Little children, let us love, not in word or speech, but in truth and action.

And there’s more going on here within 1 John as a document of the early church, a product of particular historical circumstances.  As far as we can tell, the situation prompting the writing had to do with one of the many disagreements and splits within the growing church movement as it made contacts well beyond its origins in Palestine.  In chapter 4, right after the reading from today and right before dropping that line “God is love,” John writes this: By this we know the spirit of God: every spirit that confesses that Jesus Christ has come in the flesh is from God, and every spirit that does not confess Jesus is not from God.  This is the spirit of the antichrist.

It’s pretty odd to us that the criteria for someone as a true believer is someone who confesses that Jesus came in the flesh.  But this was a big deal for John and his community.  By that time perhaps 70 or 80 years after Jesus’ life and ministry, several generations removed, a certain belief had crystalized that Jesus had been a spirit and not a human being like the rest of us are human beings.  This was called Docetism, with the Greek root of that meaning “to seem.”  It only seemed like Jesus had flesh and blood when he was actually a divine spirit.

We likely find it the harder stretch to equate Jesus with Divinity.  Of course he was a human being, but Divine? What does that mean exactly?  But for plenty of folks encountering Christianity in the ancient world, it was easy to believe Jesus was Divine.  Of course he was divine.
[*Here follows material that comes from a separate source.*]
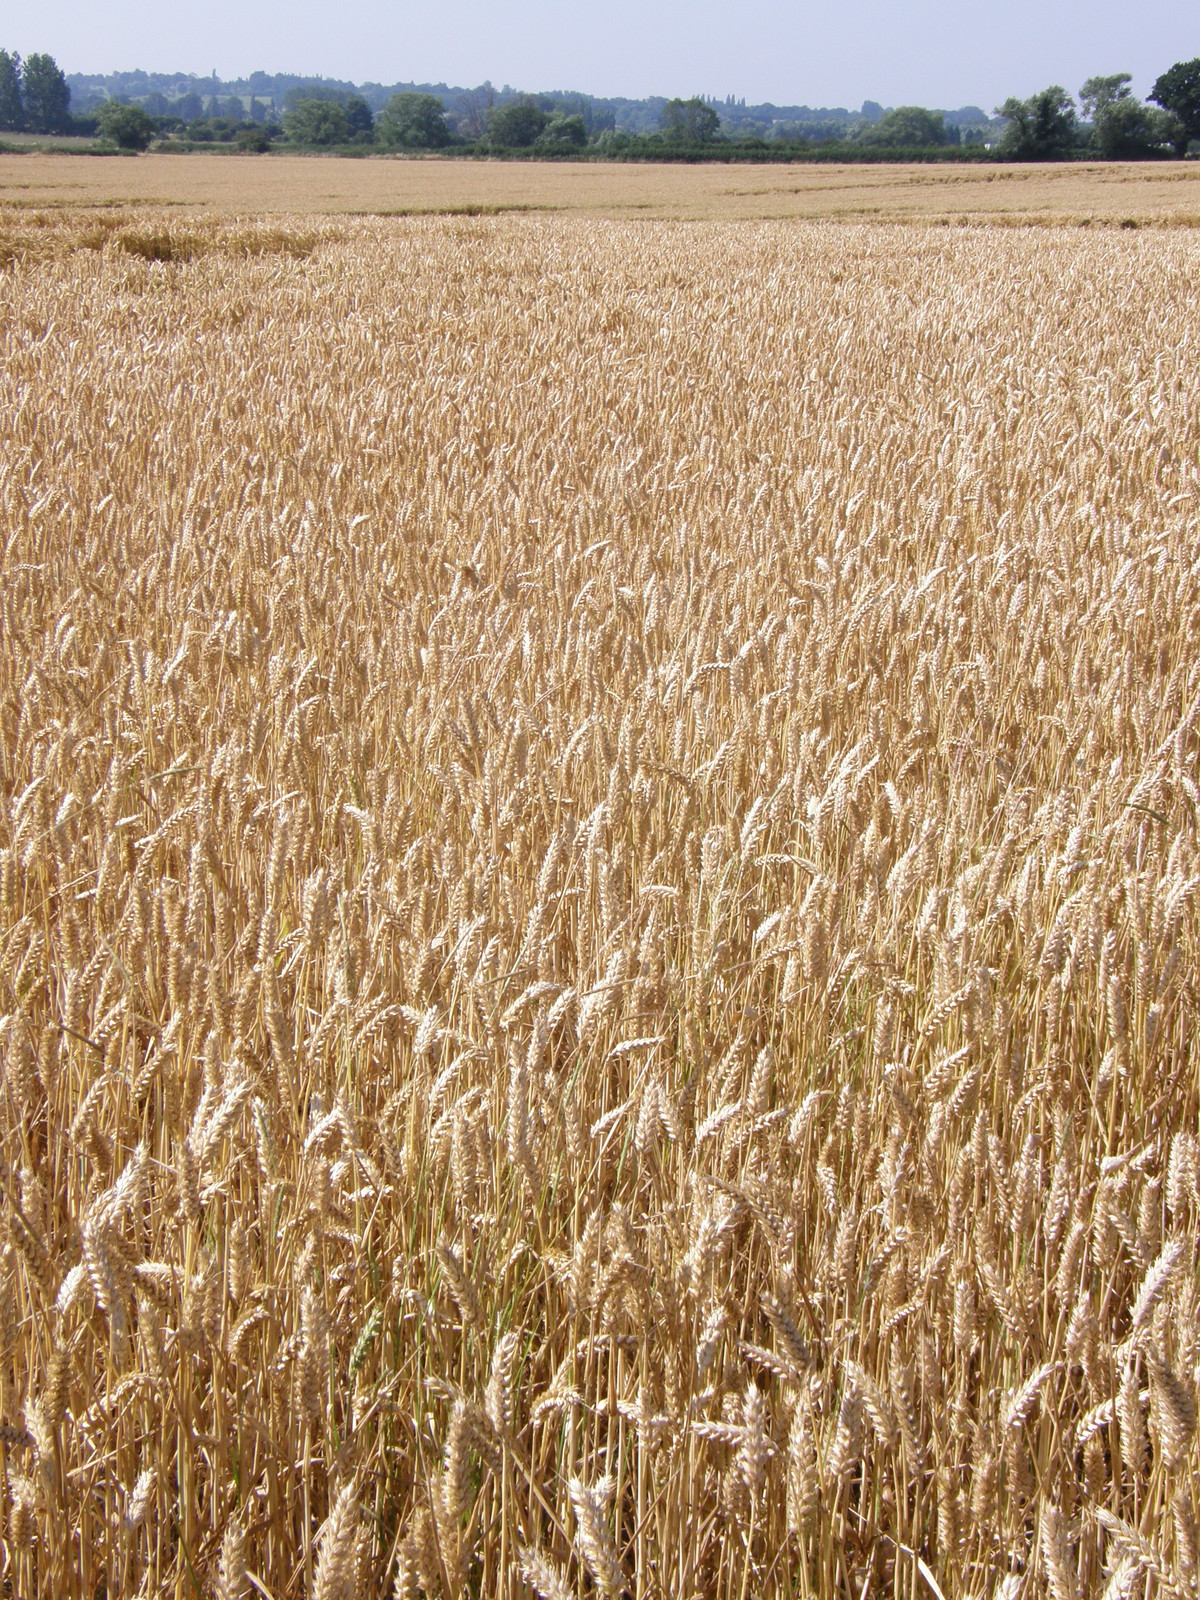 A field of wheat near Debden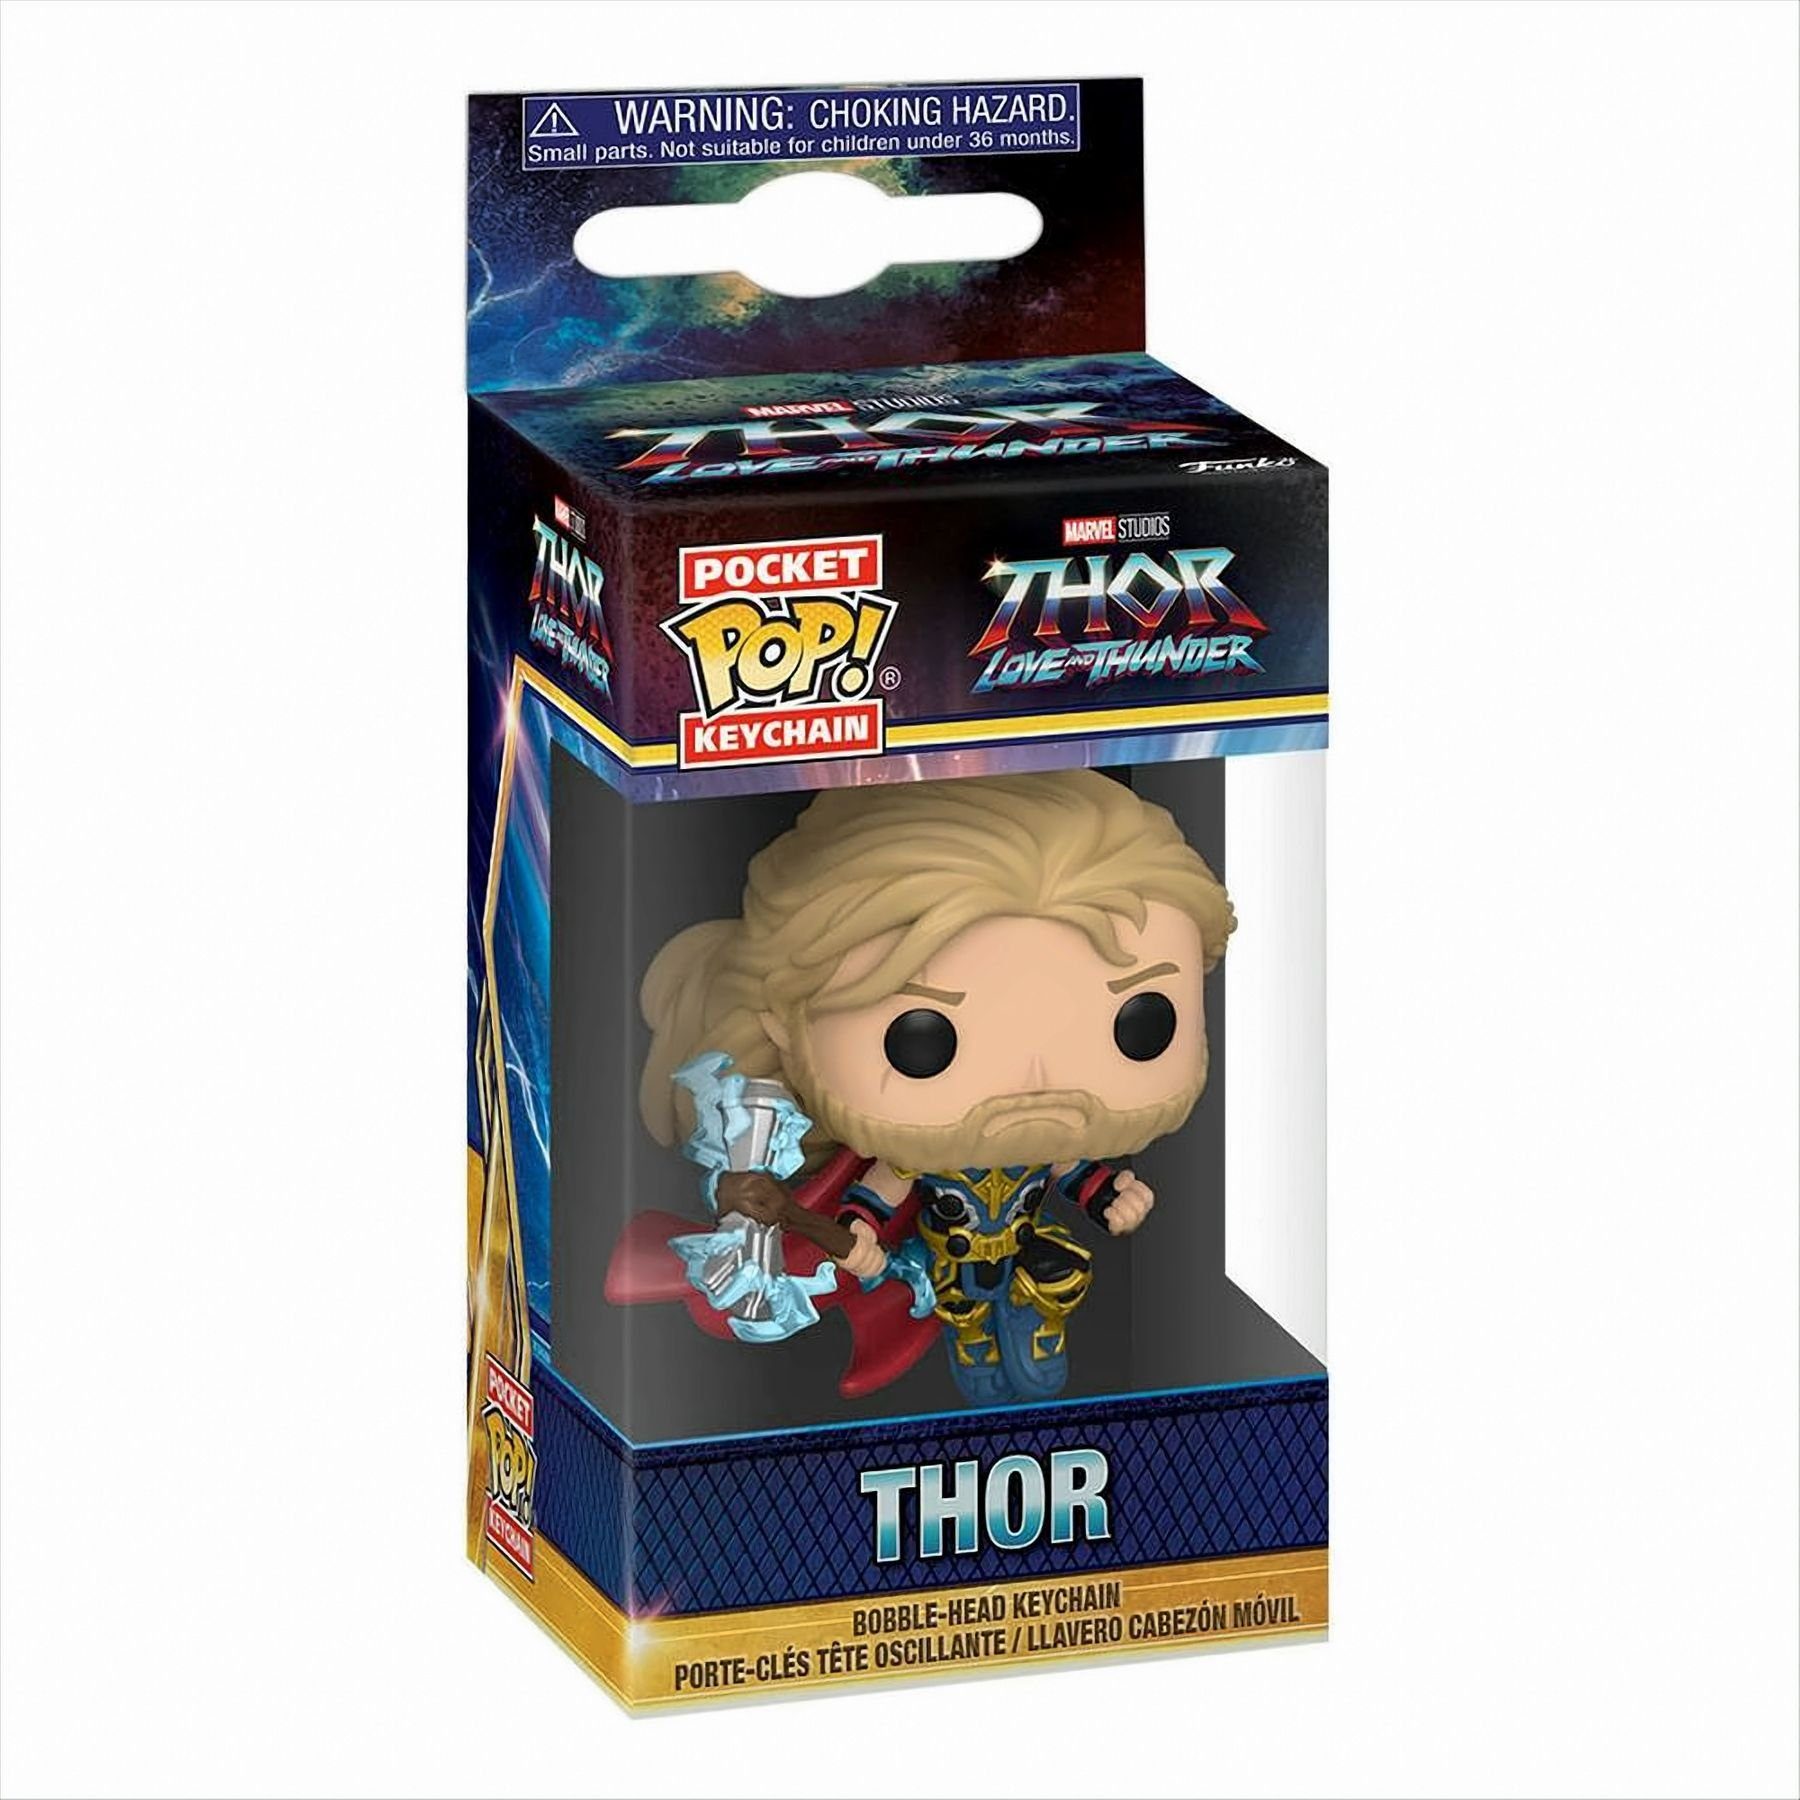 Love Thor: Spielfigur Keychain Thor POP Funko - and Thunder

The harder part was believing Jesus was an actual human being.  That he had to eat and drink to stay healthy and alive, that he got tired - had to rest and sleep, that he sought out companionship, and needed time away to restore himself -  maybe that his armpits didn’t always smell so great on a hot day.  How could you believe that the Son of God had smelly armpits?

And John, in a rather direct way, is saying – Hey, if you don’t believe Jesus came in the flesh, you’re not on our team.  In fact, that’s the spirit of the antichrist.  That’s anti Christ.  That’s against what we’re all about here.  We’re on team human.  Team flesh and blood.  And guess what humans have to do even if we don’t feel like it?  We have to love each other.  Love each other.  Love each other.  52 times love each other, which amounts to every week of the year, but I’m guessing that’s more of a happy accident than a master plan of the letter.   
 

Little children, let us love, not in word or speech, but in truth and action.

And the truth is, love grounds us in the flesh and blood of our humanity.  Loving what is in a partner, a friend, our children.  Love for our community, our actual community with actual neighbors and actual policies and design that may or may not be as we would like it.  Love for our nation and planet.  Love for our church and the actual people that make the church church.   

It’s not just spirits and ideas we’re loving here.  We’re loving one another – which can involve some work.  That takes presetting the oven to 350 degrees, mixing the ingredients, baking the casserole, and delivering it to the doorstep.  And that’s the part that smells good. 

When we love one another, it’s the closest thing we have to seeing God. 

And, if John is to be trusted, that’s the truthiest truth we’ve got to hold on to.  Christ has flesh.  God is love. 

We’re all just a bit crazy, but we still get to participate in the generous and infinitely kind gamble of loving the people and animals and plants and rocks in our lives, whether they be partner, neighbor, or enemy.

Love is the white hot thrill of Easter resurrection now present as a steady warmth to sustain us through the seasons of life.  
 

Beloved let us love in word and speech, and in action, and in truth.